I've been tasked with adding support to an app for beaming large data files (tens of megabytes) from device to device via 'NFC' on Android.
I'm aware that genuine NFC on Android is painfully slow, but I know that ICS has support for doing hand-off of the bulk data transfer to Bluetooth; and Samsung have a proprietary mechanism for doing the same via Wifi Direct (S-Beam). So that's the approach I'd want to take.
Unfortunately I cannot find any information on how to actually do this.

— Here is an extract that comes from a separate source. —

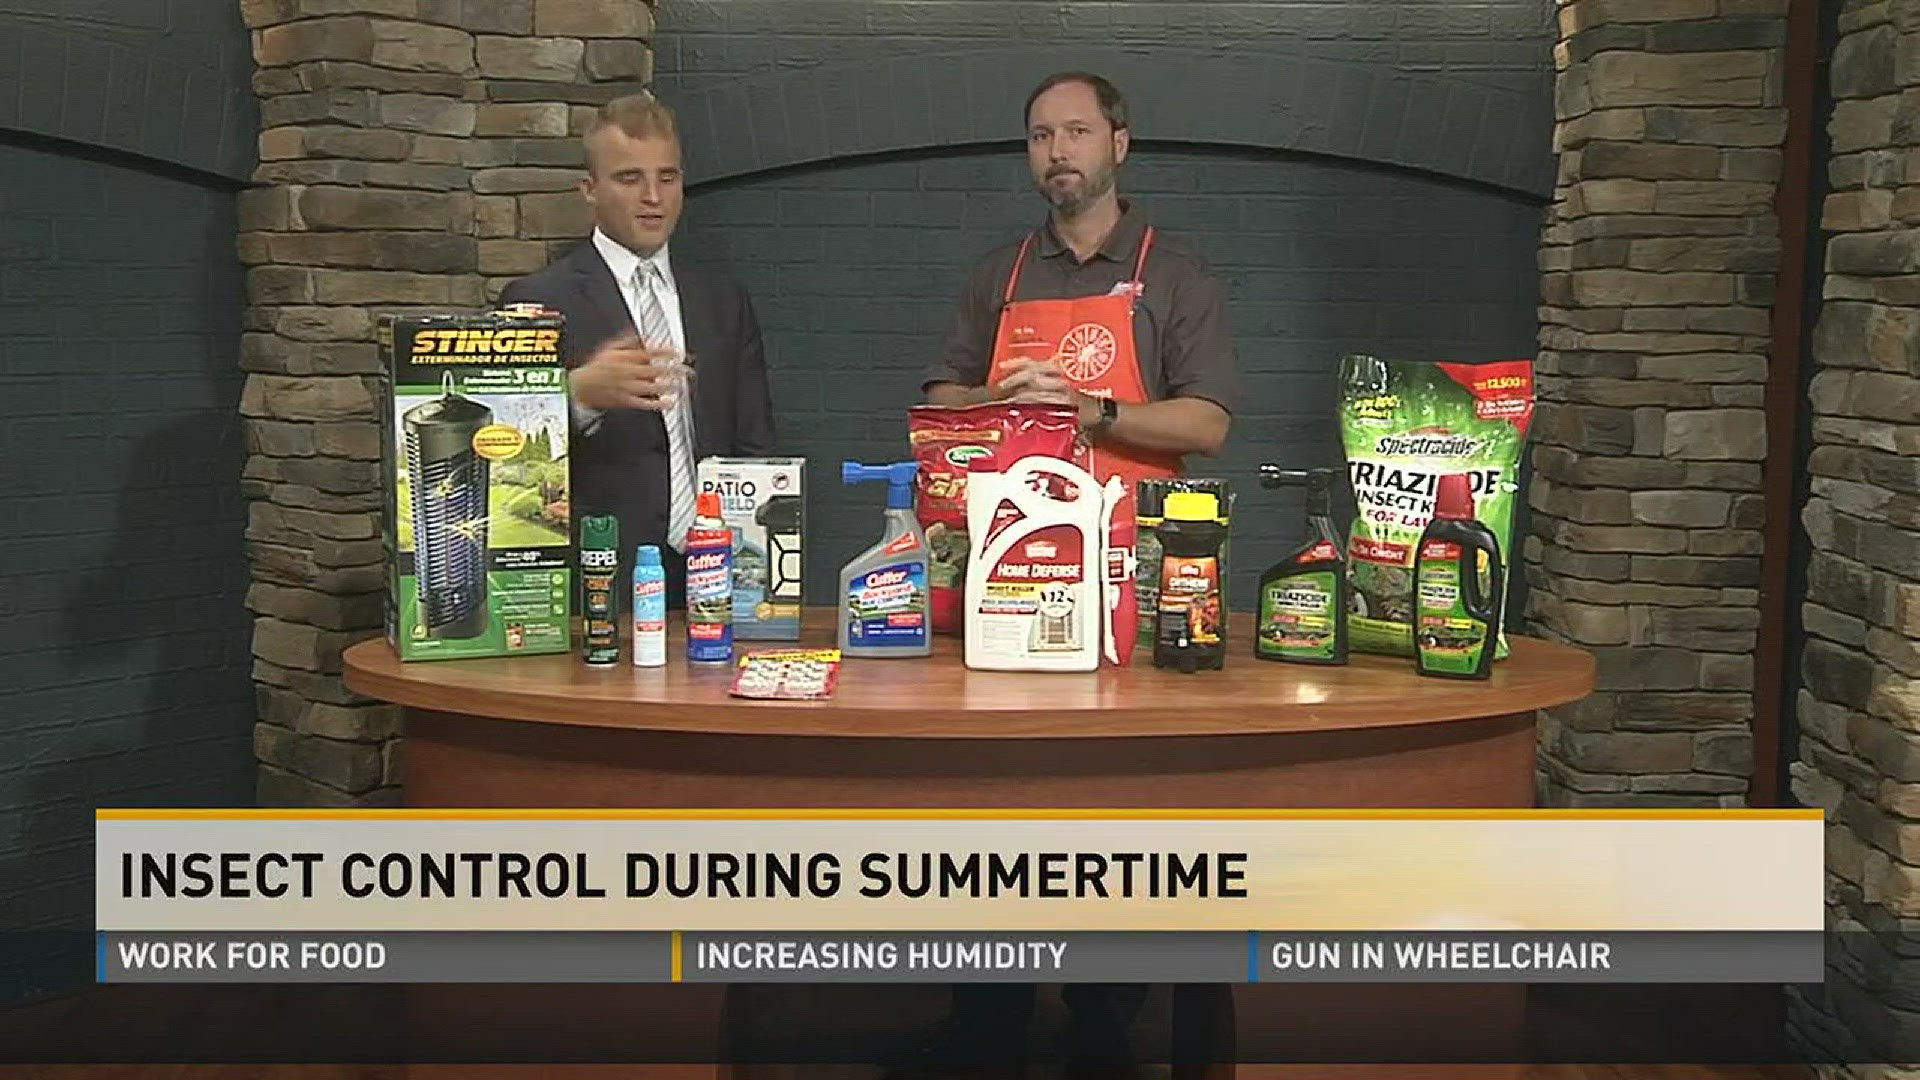 Scott from Home Depot shows us the many ways to control summertime pests
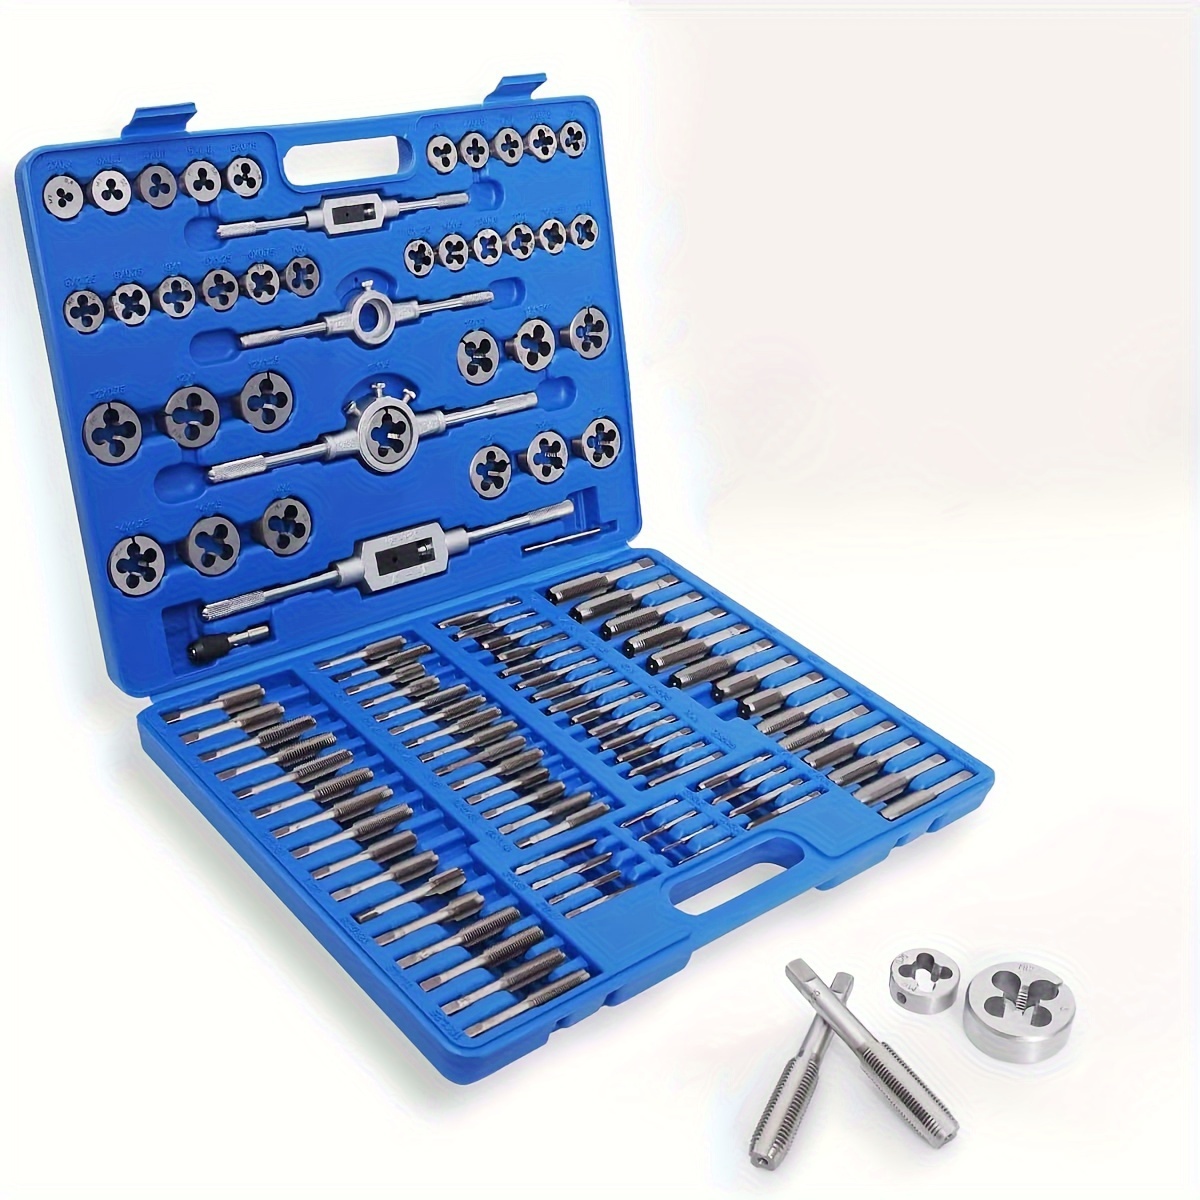 

110pcs Tap And Die Set, Metric Tap And Die Rethreading Kit, Thread Chaser Set For Cutting External And Internal Threads, Metric Size M2 To M18 With Storage Case

I've looked at the Android Beam documentation, and there's no mention of special mechanisms to support large bulk data; so I took the standard AndroidBeamDemo app and simply added a large byte array to the packet size, in the hope that it would all Just Work. It seems not to --- sending a 10kB message takes about five seconds, and trying to send a 1MB message just doesn't do anything at all (although it tells me the message was sent successfully).
For Samsung's S-Beam, I simply cannot find any documentation whatsoever.
Has anybody made this work, and if so, can they point me at an example?
For Android Beam, you need to provide URIs to the files with the data using setBeamPushUris()
(or setBeamPushUrisCallback()
if the data is not fixed).
For S-Beam, I am not aware of any API that can be used. AFAICT, S-Beam only works with the built-in apps for pictures, video and music.